# How many gold barbs for 10 gallons??



## Ruslan (May 25, 2011)

Hi, I want to get some gold barbs. How many of them can i keep in a 10 gallon tank? all I have in it at the moment is 3 little mountain minnows.


----------



## Rohkey (Apr 25, 2011)

3 would be stretching it and would proably be the max. With a 10G I wouldn't recommend getting any because they like to be in larger groups of 5-6. Get some more White Cloud Minnows, as you can probably have as many as 10 in there, and they also like to be in large groups.

Also make sure to get a filter that's designed for at least a 20G tank if you do get more fish.


----------



## holly12 (Apr 21, 2011)

Agreed. It's never good to stretch a tank's filter or bio-load to the max, (I did with mine - as you can see in my signature - and have suffered the price). I had fish dying left, right and center! Things are calming down now thankfully. The 1 inch of fish per gallon rule actually doesn't work. It's a 10 gallon tank, but when you add gravel and decor, it's not actually 10 gallons of swimming space.
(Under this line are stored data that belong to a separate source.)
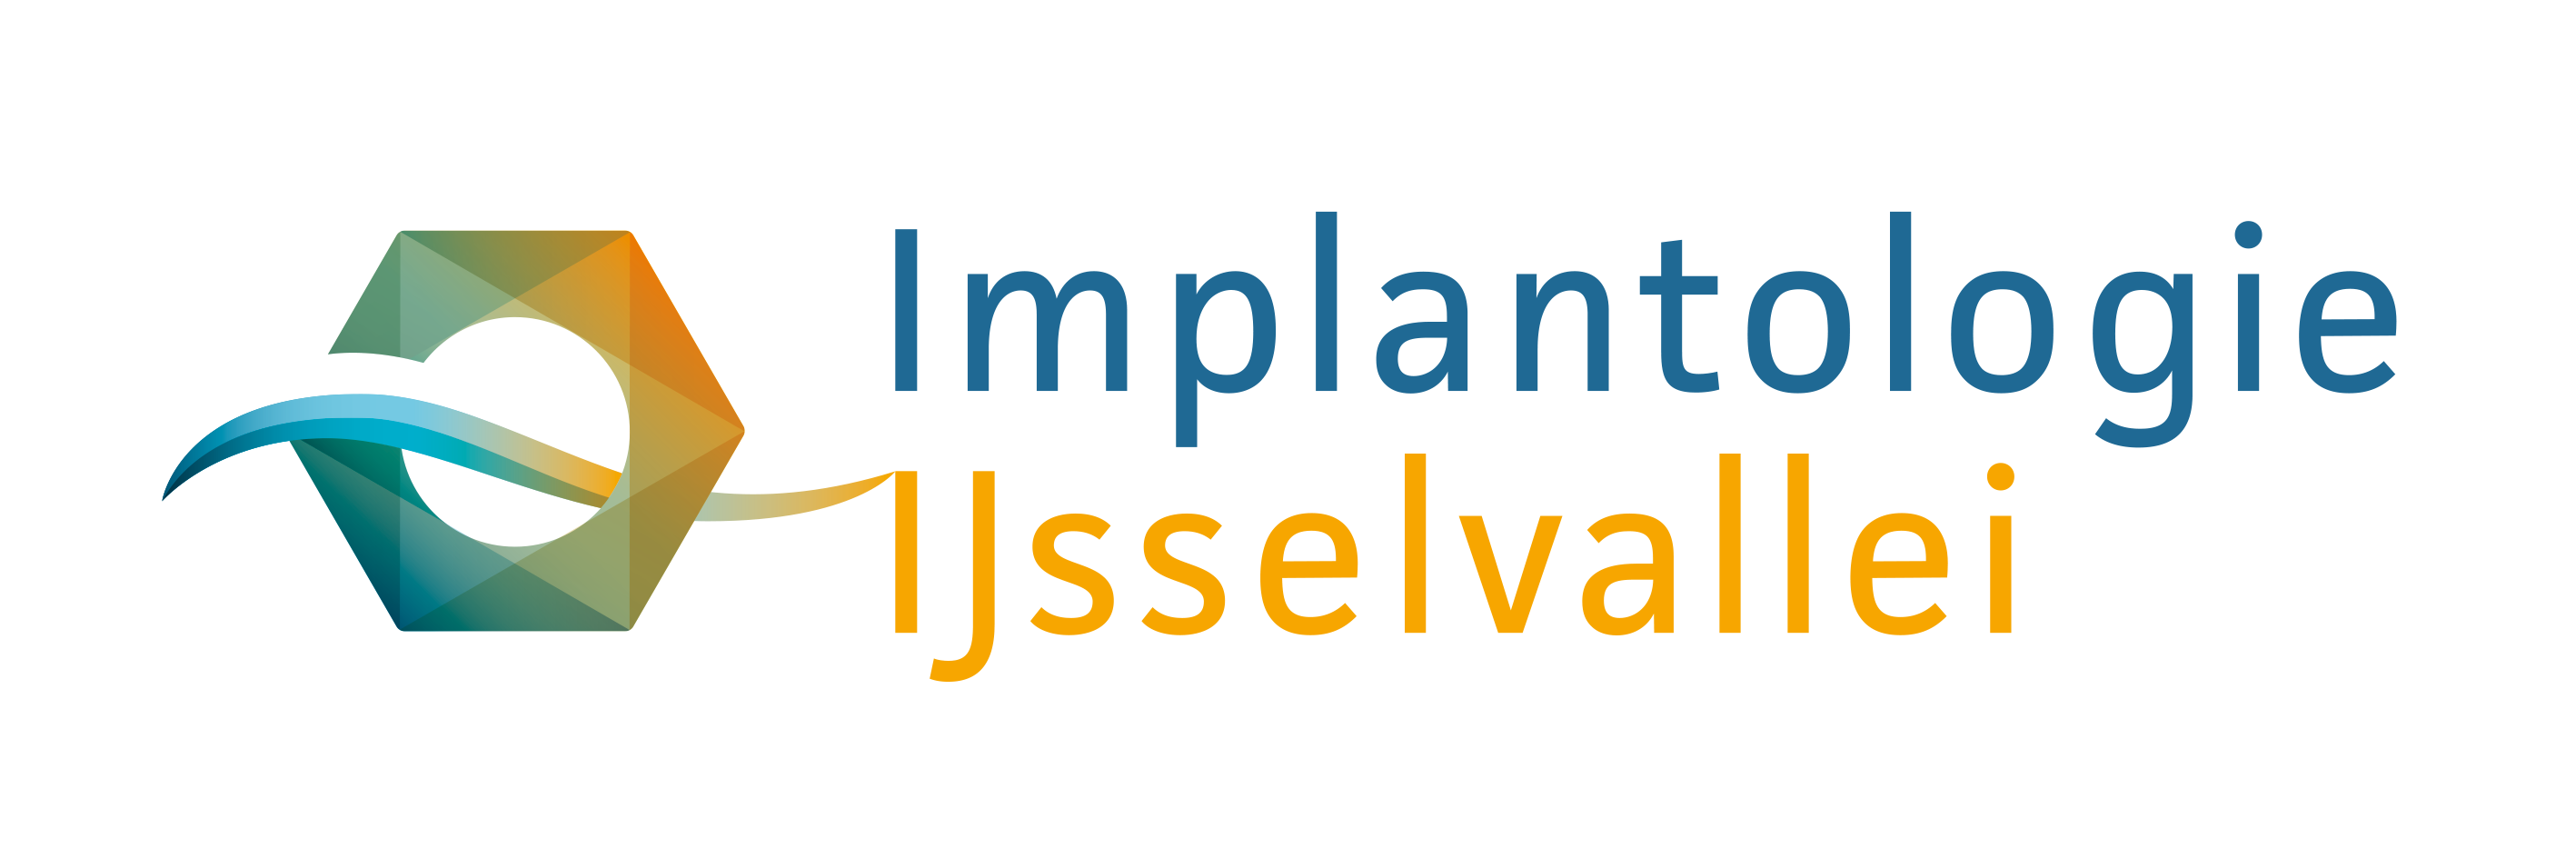 Implantologie IJsselvallei
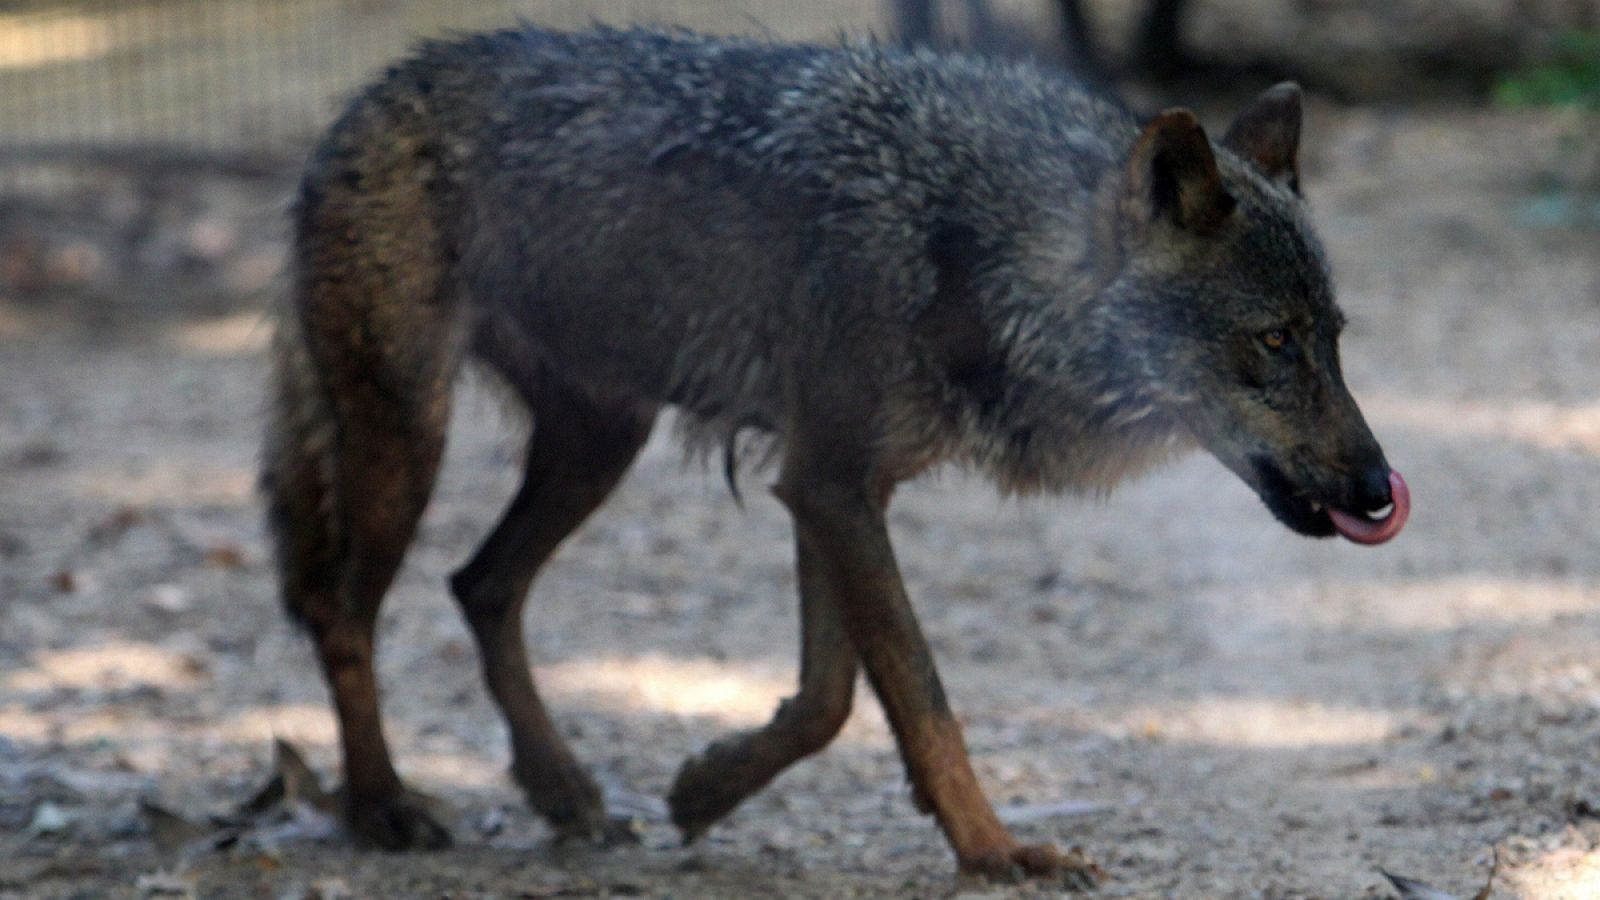 La drástica reducción del número de lobos ibéricos hasta la década de los 70 en España tuvo un fuerte impacto biológico
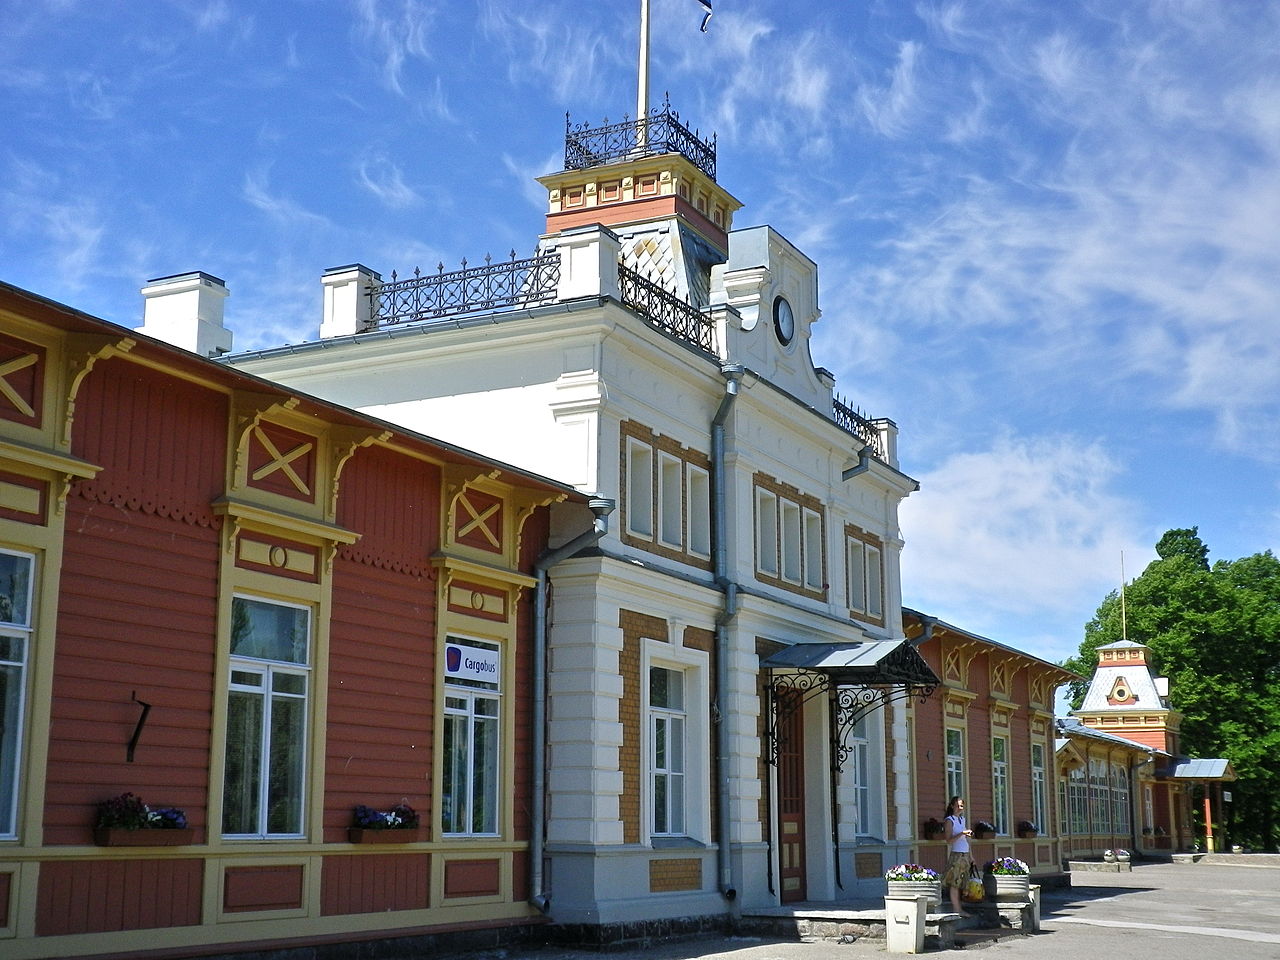 Haapsalu railway station
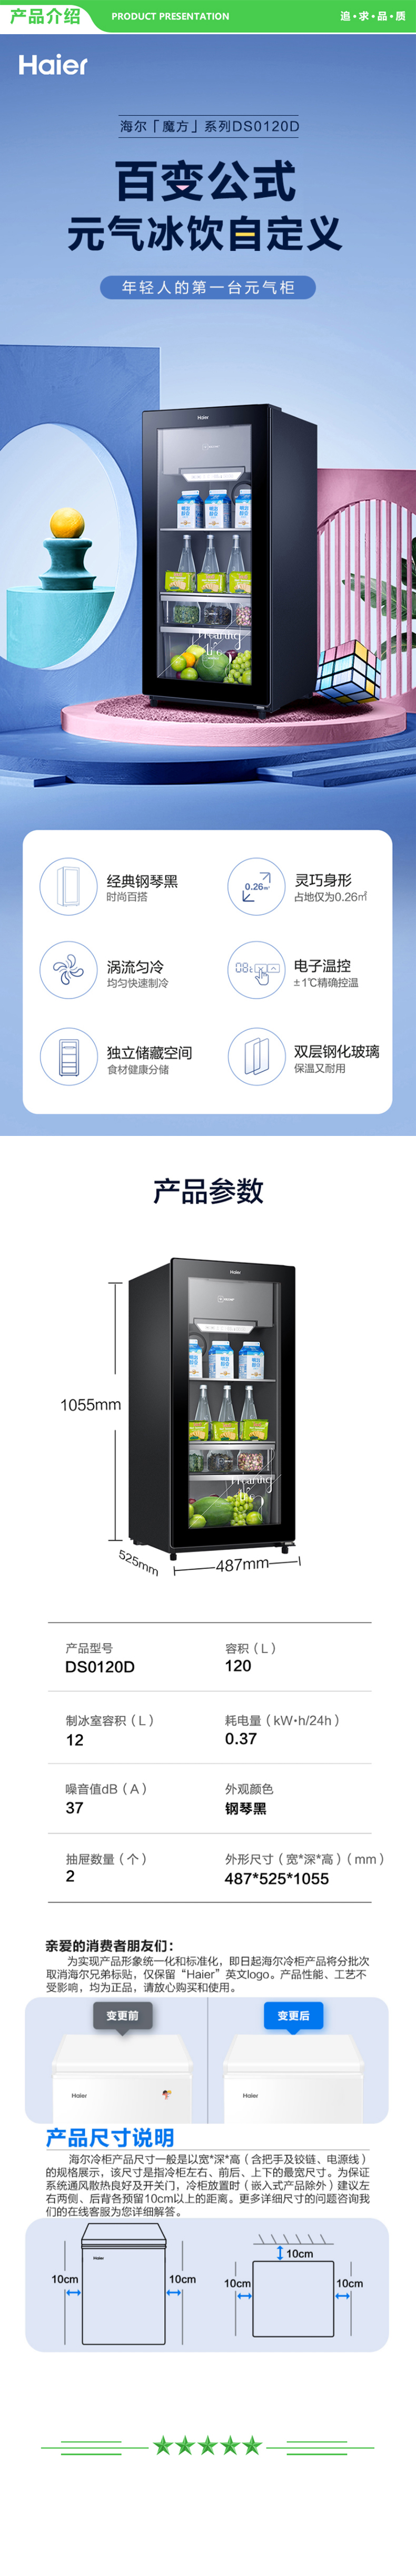 海尔 Haier DS0120D  120升智能双温家用客厅办公室冷藏柜暖藏冰吧 茶叶饮料水果保鲜柜囤货小型冰箱 .jpg

As mentioned, maybe a few more minnows? (You were getting some Assassin snails too right?) They are fun to watch. If you don't want anymore minnows, you could try some shrimp, such as Red Cherry, Ghost or Amano. (Just make sure you check to be sure the minnows won't eat them first, of course).


----------



## Ruslan (May 25, 2011)

can red cherry and ghost shrimp be kept in a cold water tank? (think I read somewhere online that they can) because I think theyre interesting creatures and I bought 2 ghost shrimp from my local aquarium shop 2 months ago but in the morning I woke up to find them dead laying on their side at the bottom.


----------



## Rohkey (Apr 25, 2011)

Shrimp can adapt to pretty cold water...much lower than room temp, but you need to properly acclimate them since the water at the shop you're buying them at is probably significantly higher than what your tank is. Float them at the top of the tank for a few hours before putting them in next time and see if you get better results. They won't be as active and energetic at temps below 68-70 degrees Fahrenheit, but they won't die due to it.

Also what kind of tank were they in when you bought them? Ghost Shrimp are commonly used as feeders for larger fish and if they are in an overstocked tank with a ton of other Ghost Shrimp, they are most likely underfed, possibly ill, and not very well taken care of since they are being sold to be eaten. If the store has them in a tank with other fish and there aren't too many of them, or if they are a few in several tanks, then these ones will probably be much better off.

I think it'd be safe to purchase up to 6 shrimp for your tank, you could possibly even get away with 10 but 5-6 seems like a good number. Buy smaller ones because there is a slight chance of bigger ones trying to pick a fight with your Clouds, especially if they are a certain species of "ghost shrimp" (several species are sold under the name ghost/glass shrimp). Usually, however, they avoid fish and don't want to risk injury but will get feisty with each other.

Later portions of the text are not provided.